Где-то через месяц, когда черновые работы на одном из этажей были закончены, мы приступили к чистовой покраске стен и потолков. В номерах уже были установлены светильники, унитазы, смесители, положена плитка и уложен паркет. Мы, фактически, завершали этаж и переходили на другой. Но тут меня и моего товарища озадачил один из наших прапоров: он зашел в комнату, где мы работали, заглянул в санузел и вдумчиво произнес: «А у меня дома смеситель потек». Что мы могли ответь на эту мысль в слух и промолчали. Тогда он более громко повторил: «Вы поняли, что у меня дома смеситель потек?». «Поняли, товарищ прапорщик», - ответили мы. Да, мы все поняли, нужно искать трубный ключ. Снимать смеситель сразу было нельзя, до конца дня могут обнаружить его отсутствие. Я вышел в коридор и увидел, что сантехники работают через две комнаты от нашей, а сумка с инструментом стоит в коридоре. Я тихо изъял ключ, которым мы ослабили гайки на смесителе, чтобы потом можно было открутить его руками, и вернул ключ на место. Дальше было дело техники. Сторожа проходили по комнатам после нашего ухода, но при хорошей верткости можно было успеть заскочить в комнату, которую сторож уже осмотрел, снять что нужно, и слинять, пока он проверяет другие комнаты. В общем, у нас получилось. Прапор был очень доволен и вынес благодарность за проявленную сноровку и солдатскую смекалку, не перед строем, конечно. Дальше были бра, круги для унитазов, дверные замки и защелки. В общем, где-то раз в неделю что-то пропадало. Но при советском размахе строительства это все было мелочью и списывалось.

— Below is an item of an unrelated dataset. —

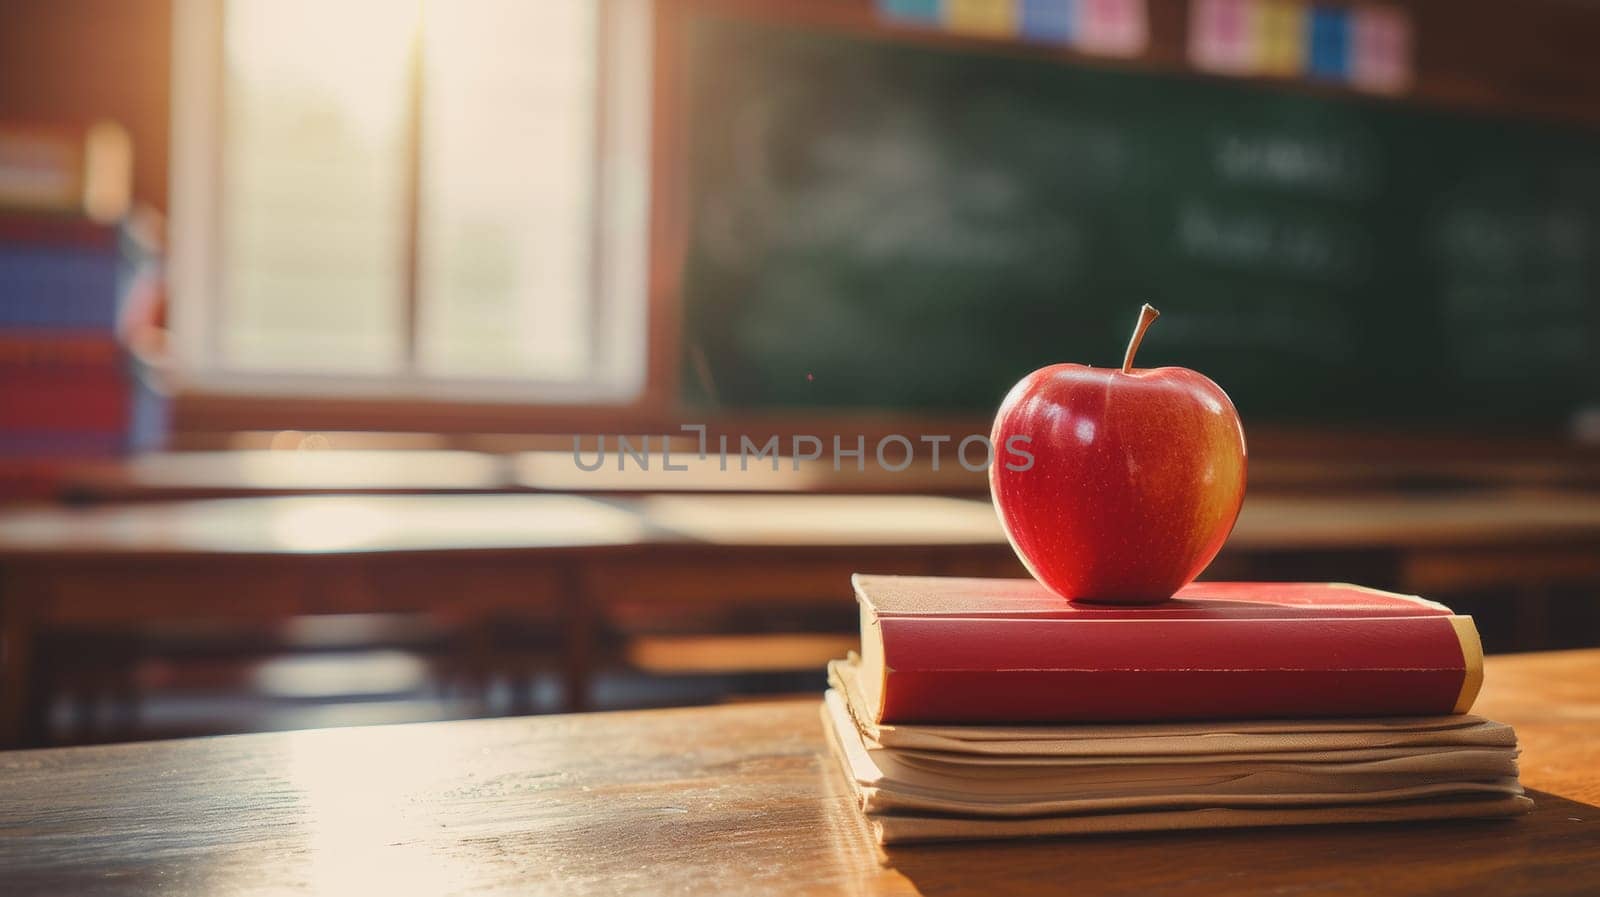 An apple sitting on top of books in a classroom

Апогеем нашей криминальной деятельности стала спецоперация по заданию штаба нашей части. На этажах санатория стояли красивые полированные двери, а батареи закрывали щиты из материала, напоминающего ламинированное ДСП. По тем временам это был дефицитный материал. В Рузе в штабе тоже проводили какой-то ремонт и работники штаба «заказали» дверь и пару щитов. Мы начали обдумывать план. Вынести днем такой габаритный груз было нереально, а входная дверь после нашего ухода закрывалась. На окнах первого этажа были решетки. Осмотр решеток порадовал – они были не приварены, а прикручены сквозь раму гайками изнутри помещения. Перед уходом с объекта мы отвернули гайки и открыли защелки на окне. Ночью, вшестером, мы сняли решетку и влезли в окно. Операция была проведена с блеском и уже в 6 утра машина отвезла «заказ» в часть. После этого нашу роту два дня не пускали на объект, но потом все утряслось.

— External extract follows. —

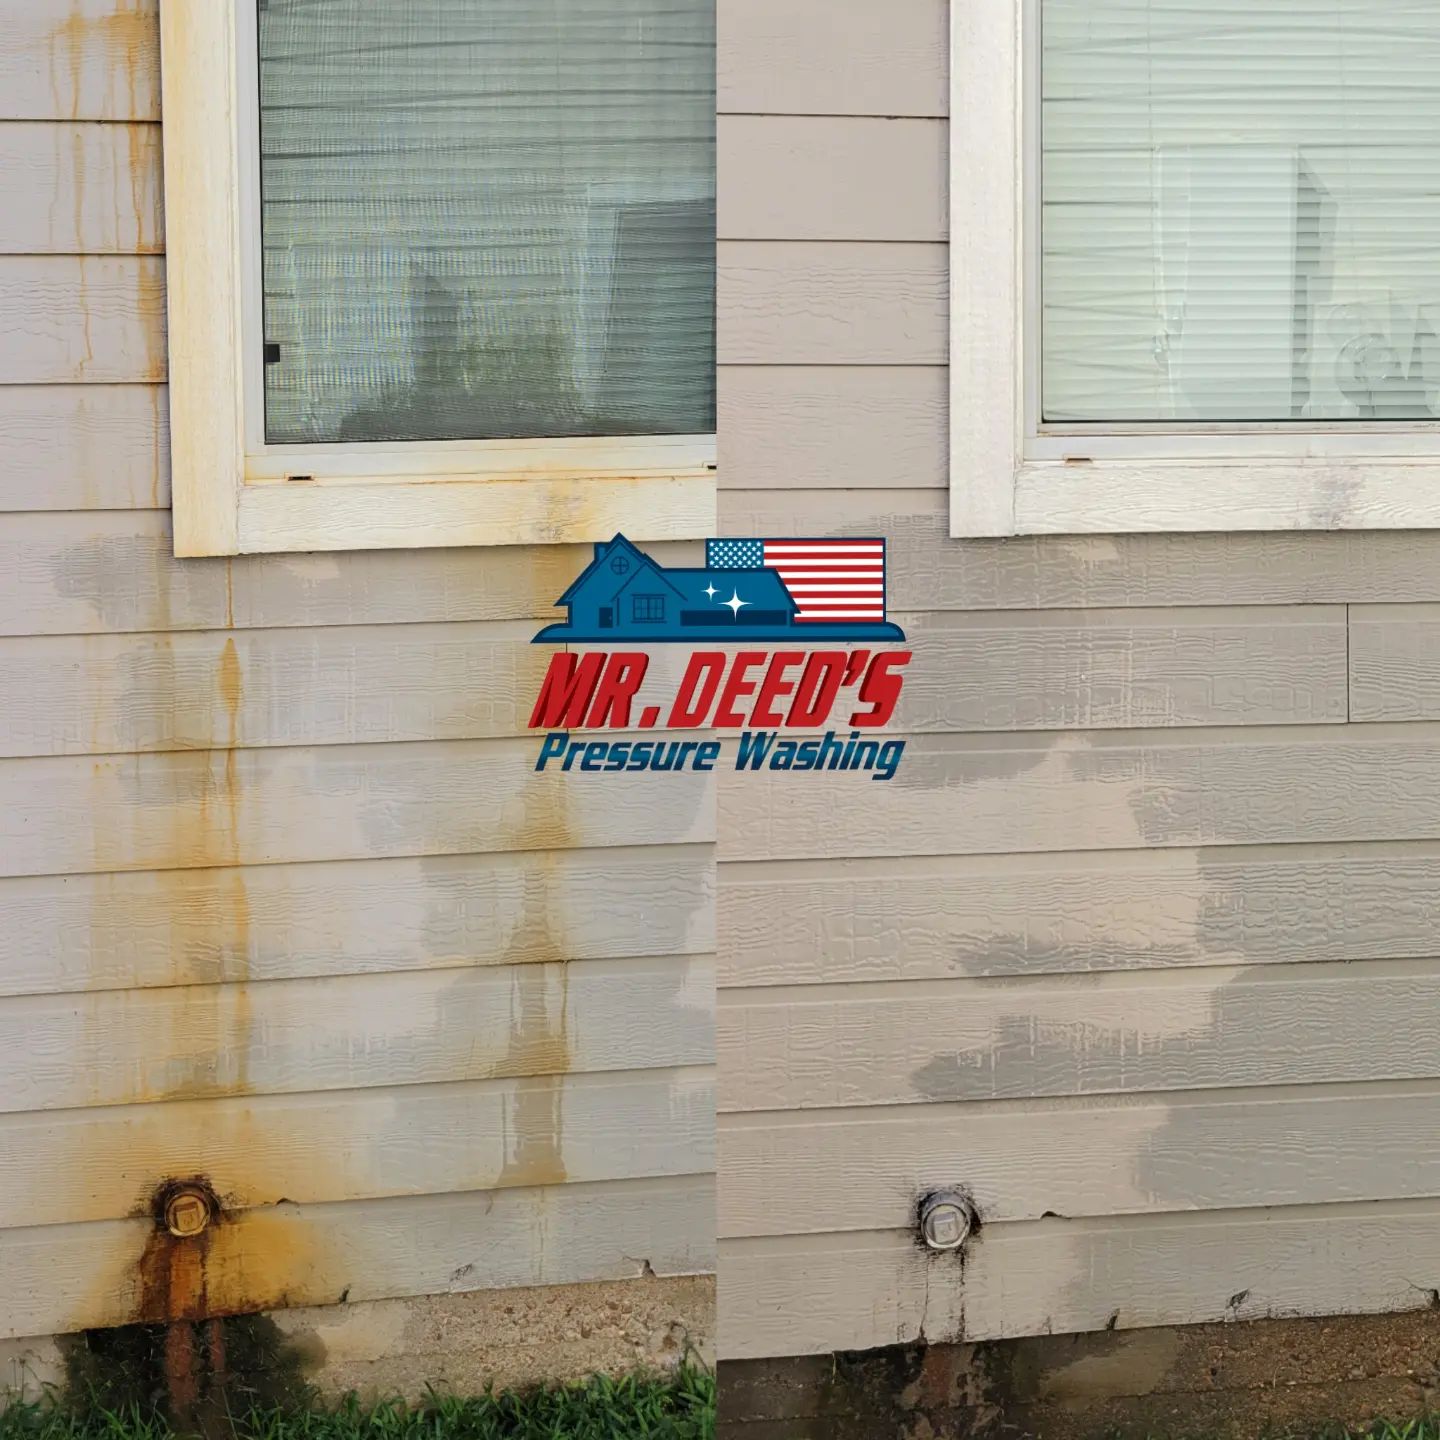 How do I get rid of rust stains around my property?

Примерно в то время мы встретили капитана П., который вел дом в Малых Вяземах. Нас очень интересовала судьба девятиэтажки с плиткой, положенной на лед. Капитан с улыбкой рассказал, что комиссия за магарыч приняла дом, но когда закрыли лифтовые шахты, подъезды, мусорокамеры и застеклили окна, все поплыло, а плитка, естественно, осыпалась. Но это уже была не наша проблема.

В роту снова наведался начштаба и устроил террор. Я уже говорил, что почти все мы ушили свою форму, особенно брюки. Большинство делало это снаружи, по шву вдоль кармана. Но присмотревшись, можно было увидеть этот шов. Я и еще некоторые мои товарищи пошли по более сложному пути и ушили изнутри. Хотя при этом немного нарушилась форма брюк и приподнялась мотня, но этого почти не было заметно. Нас всех построили перед казармой и начштаба начал скрупулезно изучать наши брюки, начав со старослужащих. Когда он обнаружил такое вопиющее безобразие, то попросил дневального принести лезвие. Он собственноручно одним движением резал брюки по всей высоте от кармана до холоши. Когда очередь дошла до меня, он долго изучал шов, не веря, что брюки могут быть такими узкими, но потом сказал, что мне повезло. После завершения осмотра три четверти роты стояли в декольтированных юбках. Начштаба уехал с чувством выполненного долга. Но… никто из роты зашивать ничего не стал. Отдыхающие шарахались, видя солдат, у которых холоши развивались на ветру, а при сильном порыве были видны трусы или белье. Ротному посыпались жалобы на внешний вид солдат, которые он, в свою очередь, переадресовывал старшине. Тот только разводил руками, так как старослужащим уже не полагалось выдавать новую форму, а у нас еще не наступил срок замены. Но, в конце концов, кто-то накатал жалобу в Министерство обороны, и оттуда пришло распоряжение привести в порядок внешний вид солдат. Не знаю, получил ли начштаба какое-то вливание за свои методы работы, но из части привезли форму.  «Старики» немного побурчали, но сняли свои гламурные брюки и тут же принялись ушивать новые.

Путевка в пионерлагерь

Уже шла вторая половина апреля, а «аккорд» наши дембеля еще не получили. И вот, наконец, их собрал ротный и сообщил, что их задача – до 1 июня подготовить пионер-лагерь при части топографистов у поселка Ягунино. Но поскольку там был большой объем работ, их усилили двумя отделениями нашего взвода, уже принятых в черпаки сразу после приказа министра обороны об увольнении (хотя реально год мы еще не отслужили). От Звенигорода до Ягунино было километра 4. В лагере нас поселили в один из административных блоков, в котором были отдельные комнаты, закрывающиеся на ключ. Для нас это был просто праздник. Разместились мы по 4 человека в комнате. Самым большим удовольствием было курение в постели. Мы нашли старый фотобачок, который использовали вместо пепельницы. После отбоя мы, удобно растянувшись в кровати, закуривали под "светскую" беседу, а бачок кочевал с одной кровати на другую. Все равно офицеров, пудрящих мозги, с нами не было, а сержант, ответственный за нас, был своим человеком.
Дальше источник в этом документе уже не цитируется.